Cette marque résulte le plus souvent d'un savoir-faire collectif. Les employés ne peuvent divulguer le "secret de fabrique" sous peine de sanction pénale or l'entrepreneur peut, lui, priver de manière tout à fait légale ses salariés de leur compétence et de leur emploi tout en conservant l'usage de la marque déposée car les transferts de technologie ou sous-traitance sont parfaitement légaux.
Est-ce forcement "inepte" de vouloir s'y attaquer ?

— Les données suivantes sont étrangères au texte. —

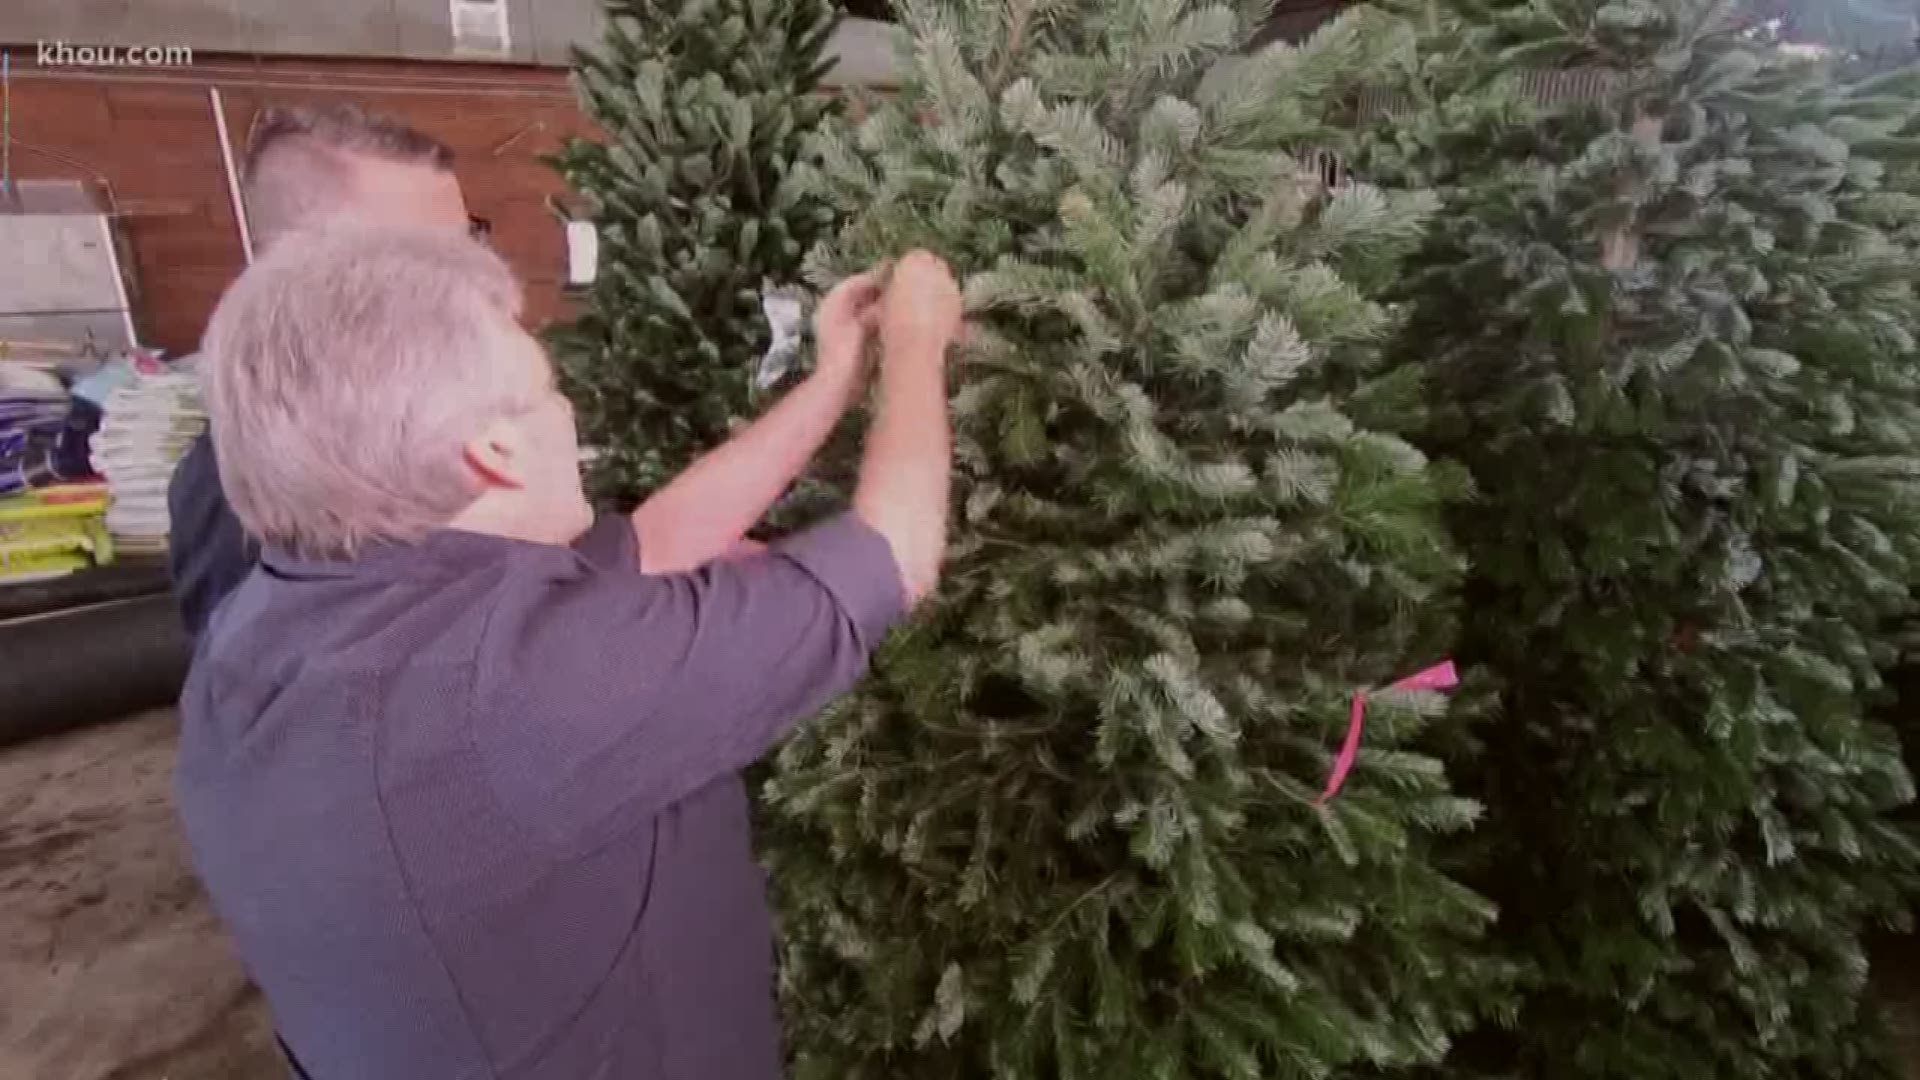 National Tree & Shrub owner Richard Devine shares tips on how to spot a bad Christmas tree and how to make your tree last through the holidays.

Certes, j'admets que si ma prochaine "CLIO" vient à être commercialisée sous le nom de RENAULT-Espagne ou RENAULT-Slovénie cela ne change rien à la situation des salariés de Flins, mais c'est déjà plus clair pour le consommateur.

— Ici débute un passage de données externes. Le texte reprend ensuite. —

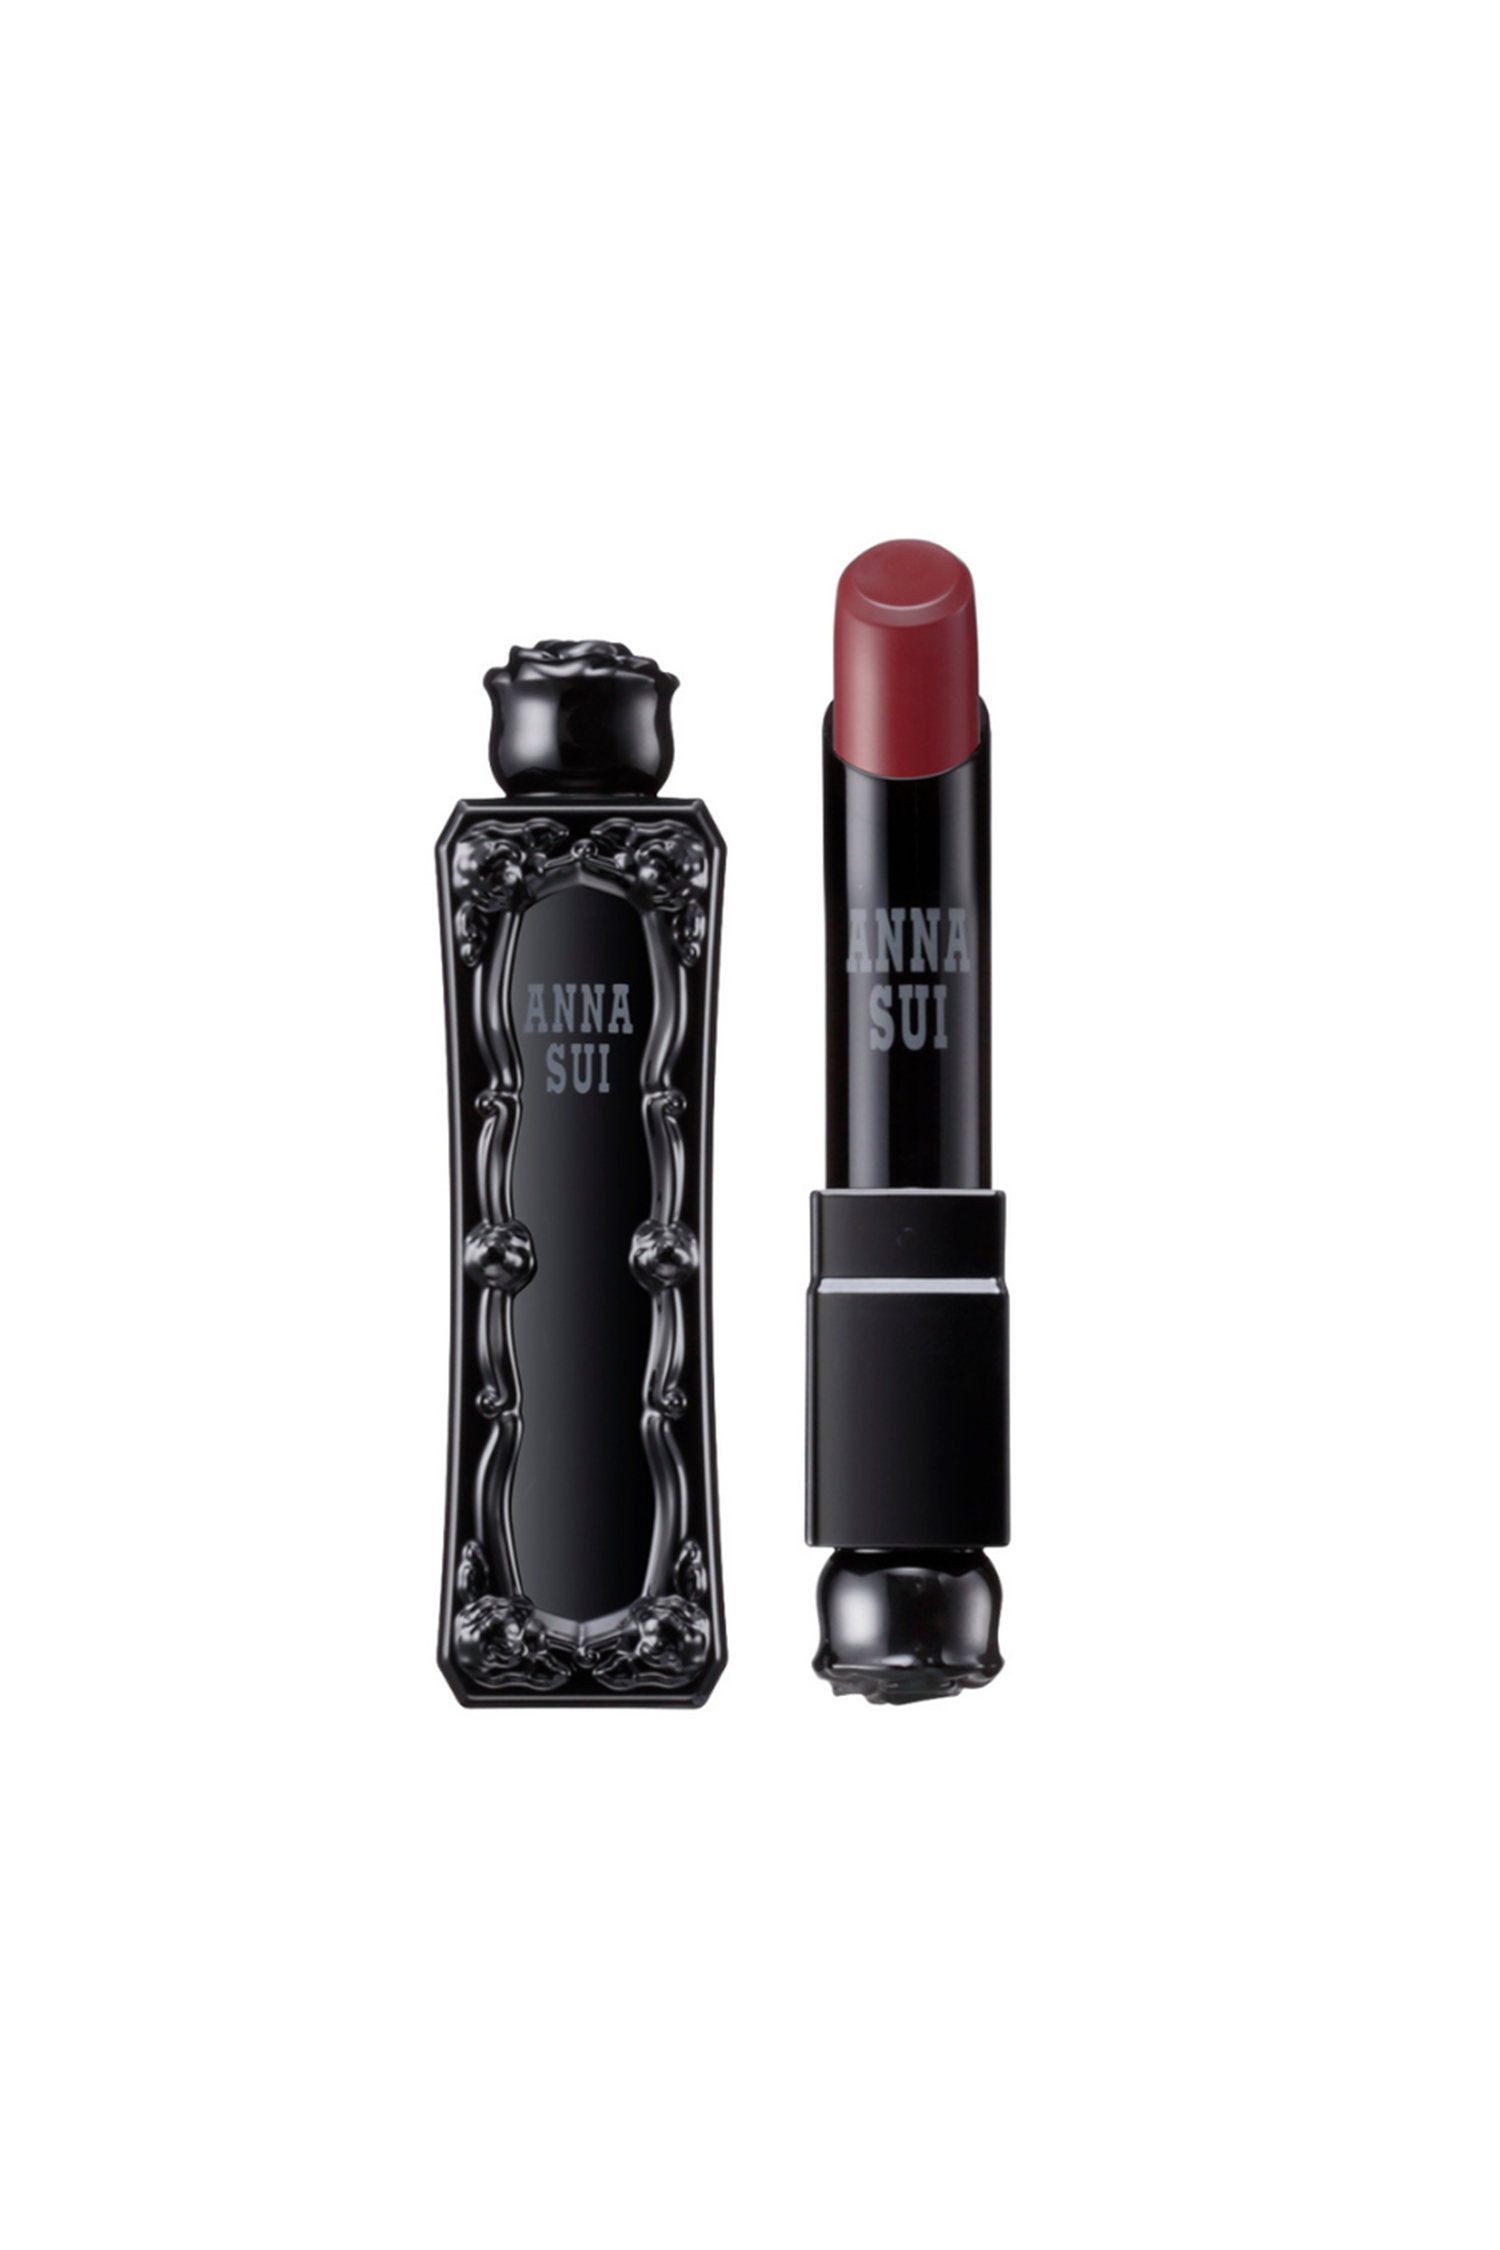 Enchanting Redlipstick, in an Anna Sui, black container with raised rose pattern, rose on top

Alors proposition "insuffisante" plus que "inepte" ! ^^
Rédigé par : PeutMieuxFaire | 15 septembre 2008 à 11:57
Putain, ,les lois qui défendent les intérets de l'état?
Mais ou vat'on ?
Moha qui croyais que les lois sèrvaient les intérets de finaciers intèrnationeaux ? :-(
Rédigé par : UN chouka | 15 septembre 2008 à 13:44
Je trouve votre article un peu confus. En fait de quoi s'agit-il ?
Vous exposez les faits (rien à dire ) et je vous cite « Pourtant, cette semaine, le tribunal des prud'hommes de Libourne vient de condamner l'entreprise à verser aux plaignantes 50 000 € chacune, estimant que «le transfert d'activité dans des pays à protection salariale et sociale inférieure aux normes françaises est susceptible d'entraîner une diminution des coûts de production, ainsi qu'une augmentation des marges, cette circonstance ne saurait à elle seule constituer un motif économique de licenciement suffisant »
Pour aider à la compréhension vous auriez du citer le texte de loi du code du travail « Tout licenciement pour motif économique doit être justifié par une cause réelle et sérieuse ». C'est sur cette phrase qu'ont du travailler les juges du tribunal des prud'hommes.
En effet c'est à partir de là qu'il faut répondre ou tenter de répondre à la question suivante « qu'est ce qu'un motif économique ». Et c'est ici qu'intervient l'appréciation des juges. Il y a 2 réponses possibles :
1) L'entreprise est-elle en difficulté financière
2) Si non, peut-elle le devenir si sa compétitivité doit être remise en question en ne procédant pas à des licenciements.
A la première question il était simple de répondre et les juges ont répondu « non ». En effet Areva dégages des bénéfices. La deuxième question est plus complexe car ce n'est pas aux juges d'apporter une réponse. La loi prévoit qu'il revient à l'entreprise donc à l'employeur de démontrer (en droit d'apporter la preuve) que si elle ne procède pas à des licenciements alors sa compétitivité risque d'être remise en question et c'est alors aux juges d'apprécier les arguments apportés par l'employeur. Comme dans tout procès les juges vont-ils être ou pas sensibles aux arguments ainsi développés ou le seront-ils par les arguments de la défense.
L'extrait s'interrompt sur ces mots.